Вначале в работе семинара, проходившего на квартире Воронеля, принимали участие всего восемь человек: Александр Воронель, Марк Азбель, Ирина и Виктор Браиловские, Дан Рогинский, Виктор Мандельцвейг, Моше Гитерман и Вениамин Файн. Со временем состав семинара значительно расширился, и на заседаниях присутствовало свыше двадцати человек. Секретарем семинара был Виктор Мандельцвейг.
– Как работалось на семинаре? – спросил я его.[9]
– Мы еще были свежие от работы, профессиональные ученые, поэтому уровень был хороший.

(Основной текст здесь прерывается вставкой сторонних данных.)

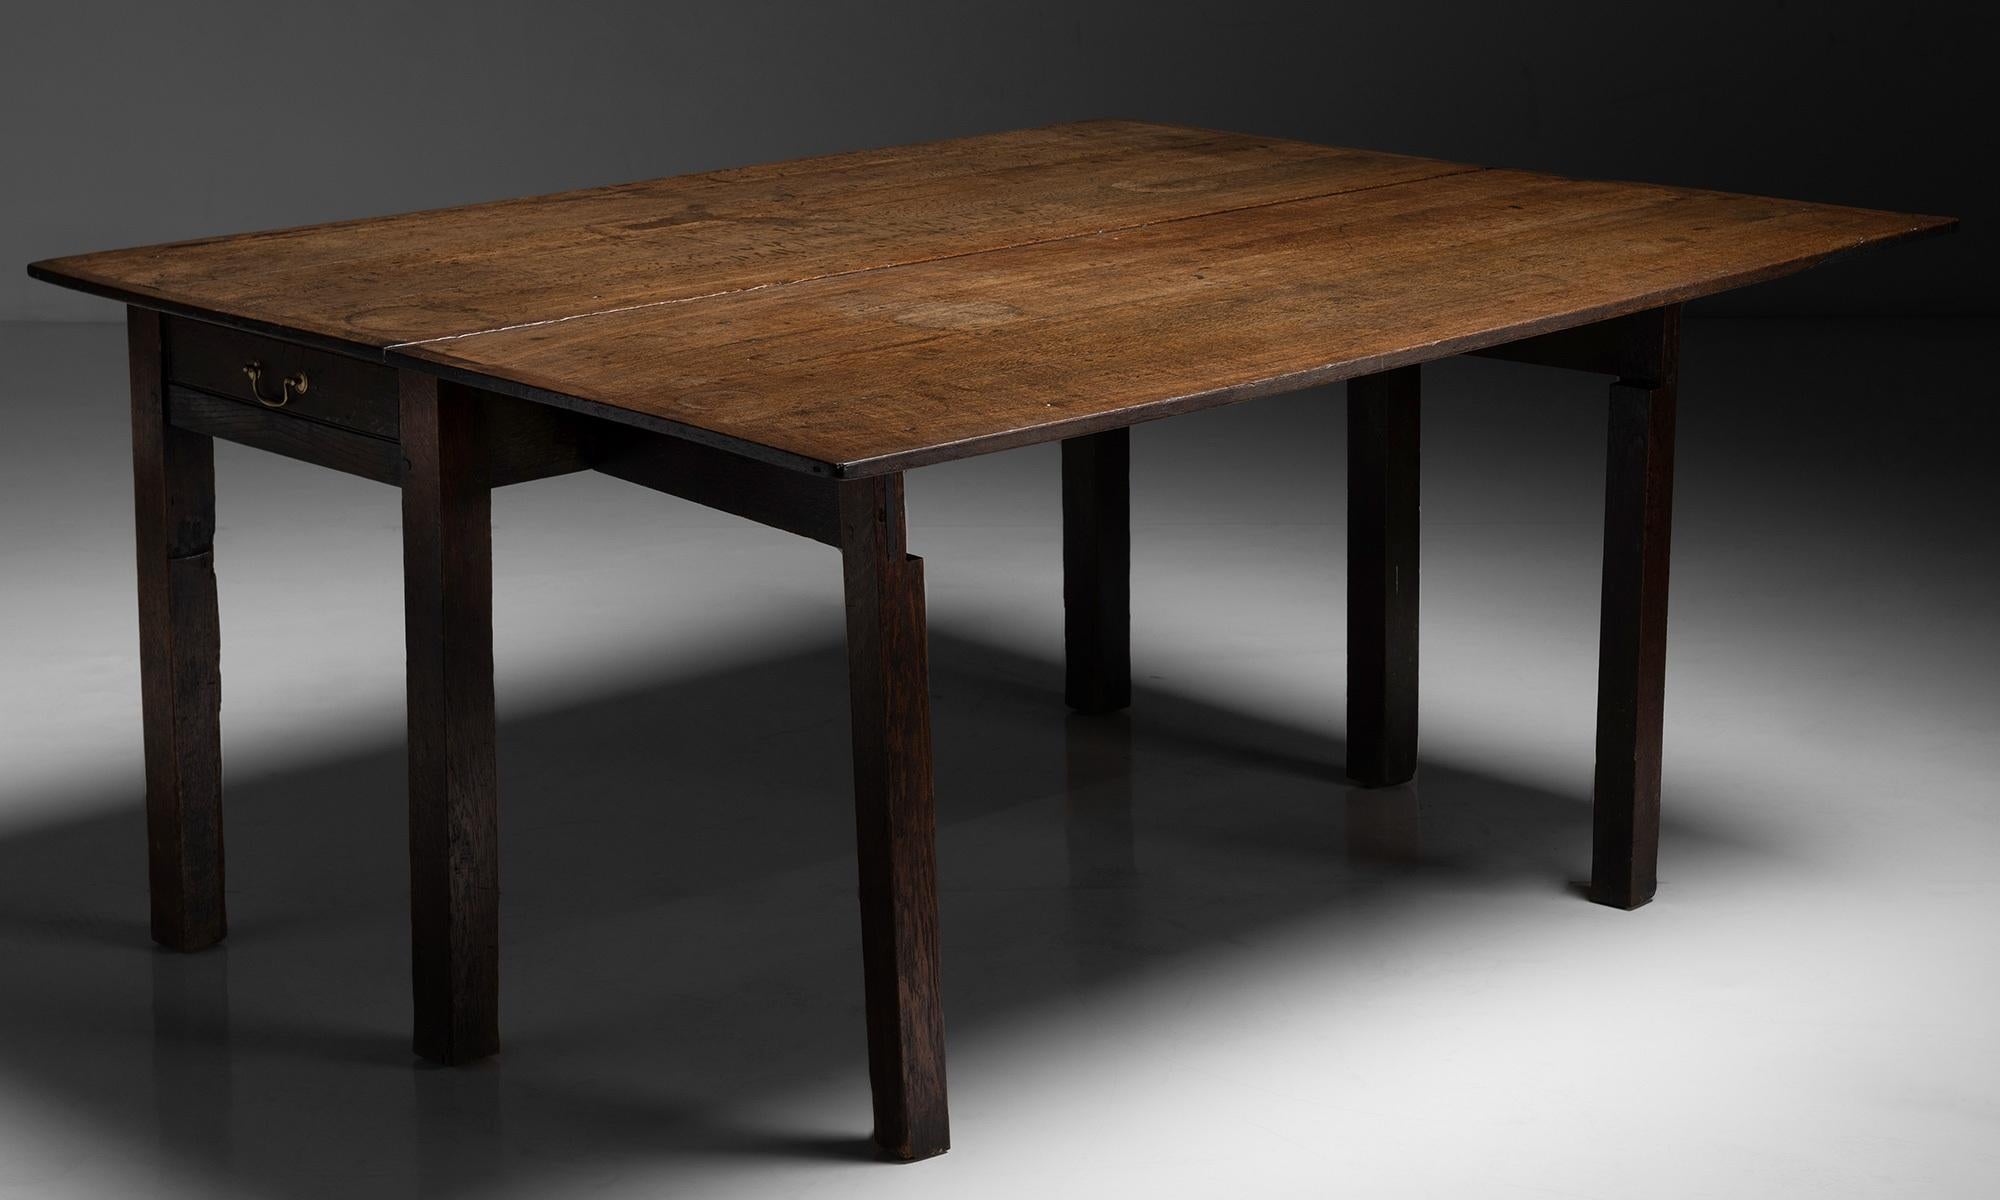 Cumbrian oak dining table.

England, circa 1789.

Unique dining table with a leaf to one side. Designed to be sat at along one side with the drop leaf against the wall, and then pulled out to seat additional guests.

Measures: 64.25” L x

– Выездные темы обсуждались?
– Не в официальной части семинара. До и после. Нам хотелось, чтобы семинар стал убежищем для ученых. Потом, мы же все работали в разных областях физики. Воронель, например, в области физики твердого тела, я – в области ядерной физики. Каждый выступал в своей сфере, но старался делать это как можно популярнее.
Воронель получил разрешение на выезд в декабре 1974 года. После его отъезда семинар возглавил Марк Азбель.

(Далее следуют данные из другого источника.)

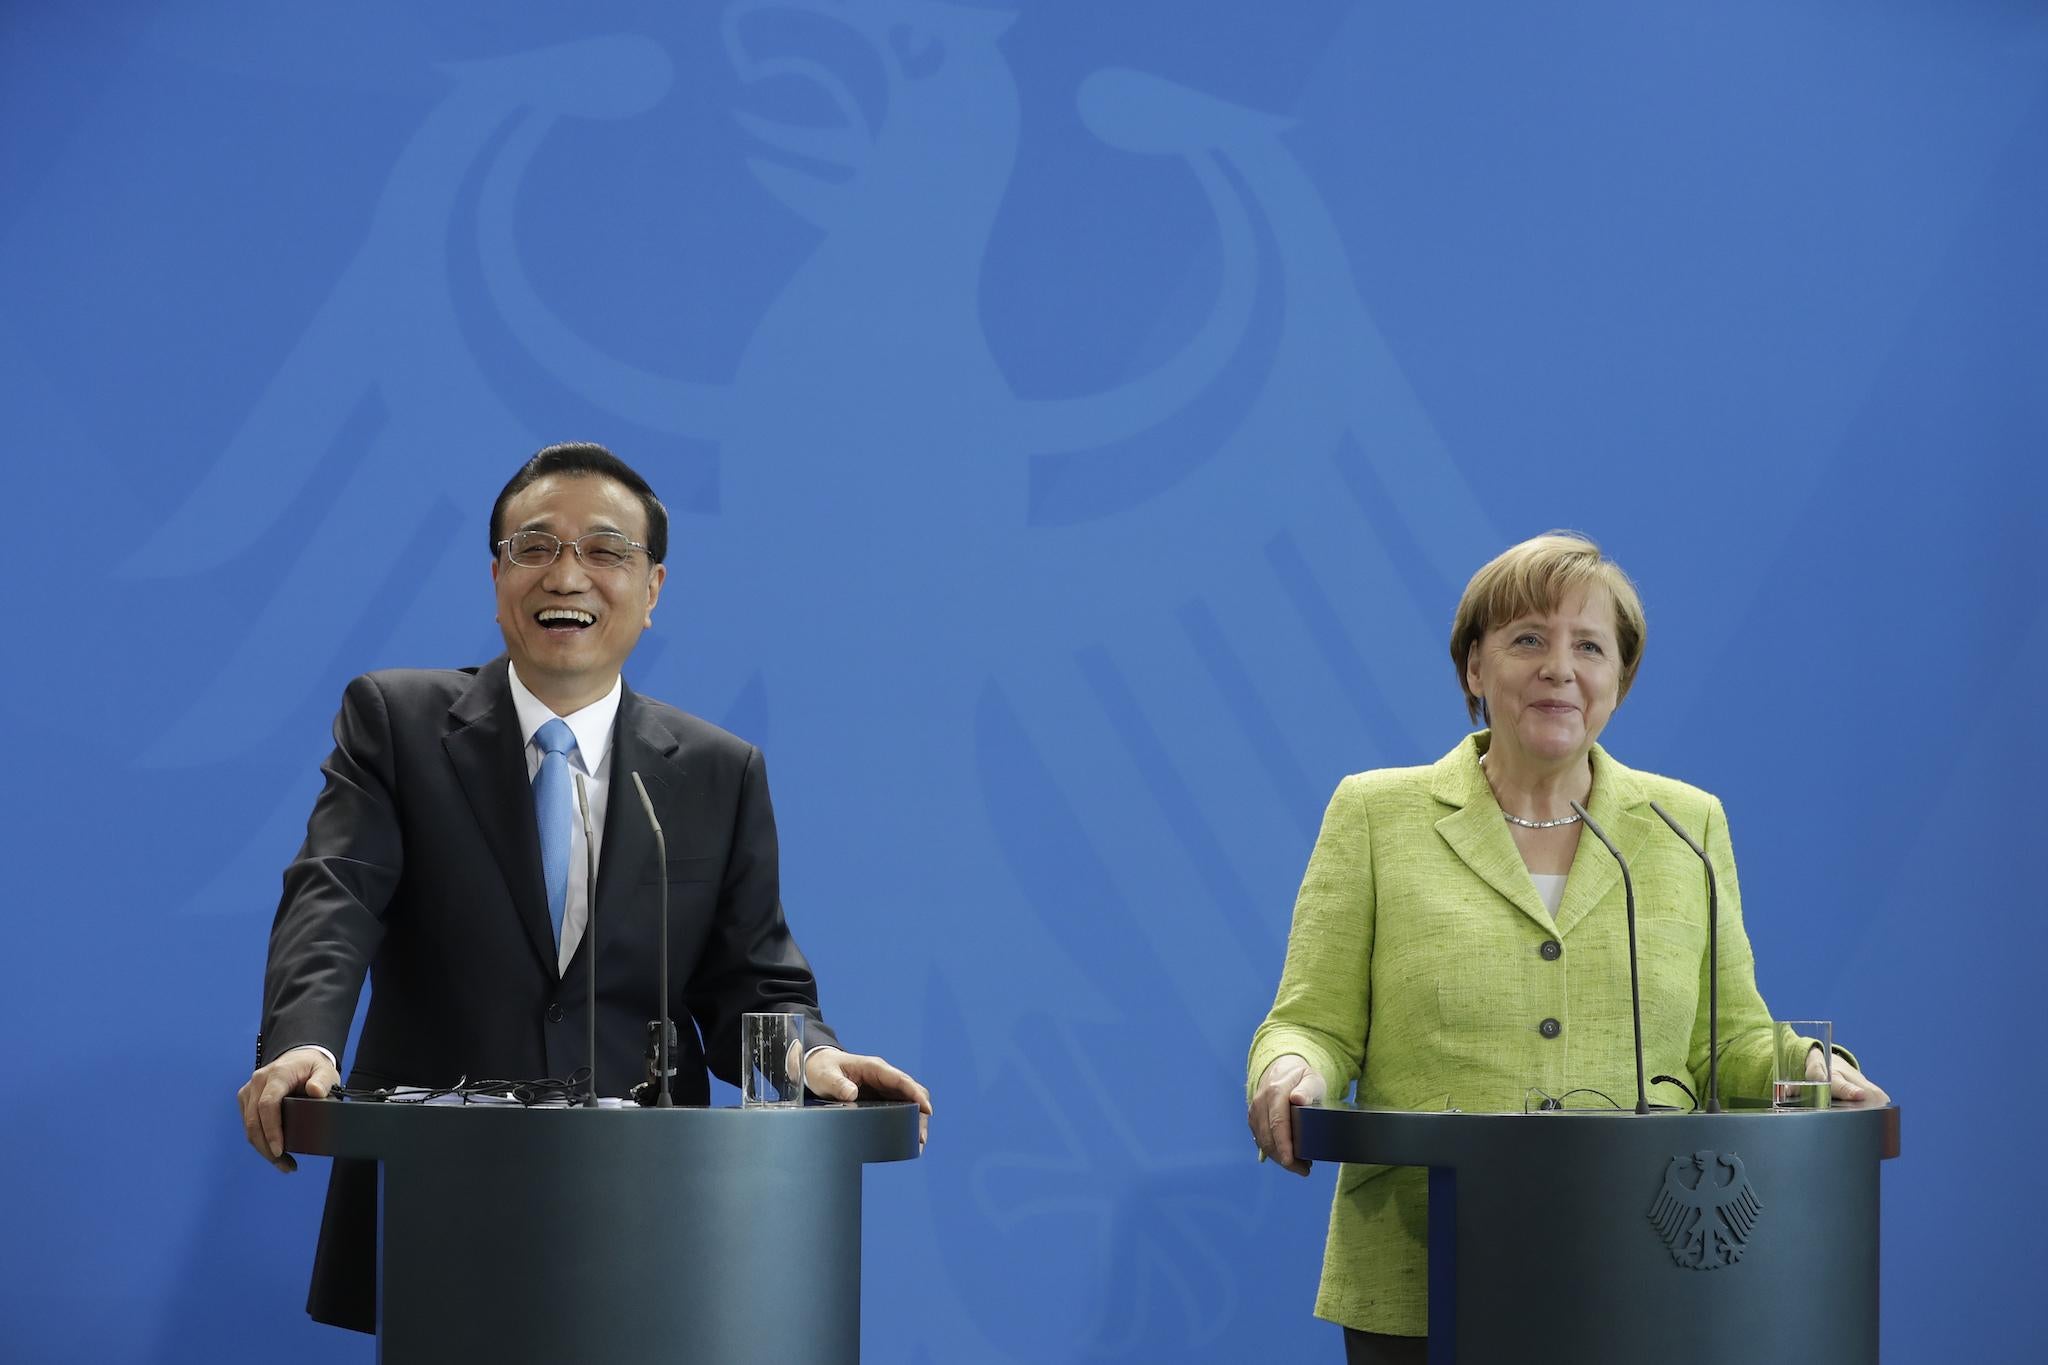 German Chancellor Angela Merkel and China's Premier Li Keqiang address the media during a joint press conference

– Как вам удавалось в течение стольких лет сохранять настрой людей, мобилизованных на выезд, в рамках чисто научной тематики? – обратился я к Марку.[10]
– Это было мое убеждение. Я ведь не был зиц-председателем и точно знал, что делаю, подобно чему делаю… был такой семинар у Капицы. Перед каждым заседанием я категорически заявлял, что во время семинара ничего не относящегося к науке происходить не будет. С первой до последней секунды вопросы “кто мы, где мы, как мы” исключались. Всегда объявлялись начало и конец заседания. Правда, если в комнате тихонько разговаривали между собой, я не вмешивался. Да, мы работали в разных областях физики, но обсуждение на идейном уровне не требует выписывания интеграла и не понижает уровня обсуждения. Мы хотели знать обо всем, что происходит интересного в науке в любой области. Если я открою программу нашего коллоквиума, чаще это будет физика любой области, но будут доклады и по биологии, и по экономике. Рассказывалось то, что является нынешним и завтрашним днем науки.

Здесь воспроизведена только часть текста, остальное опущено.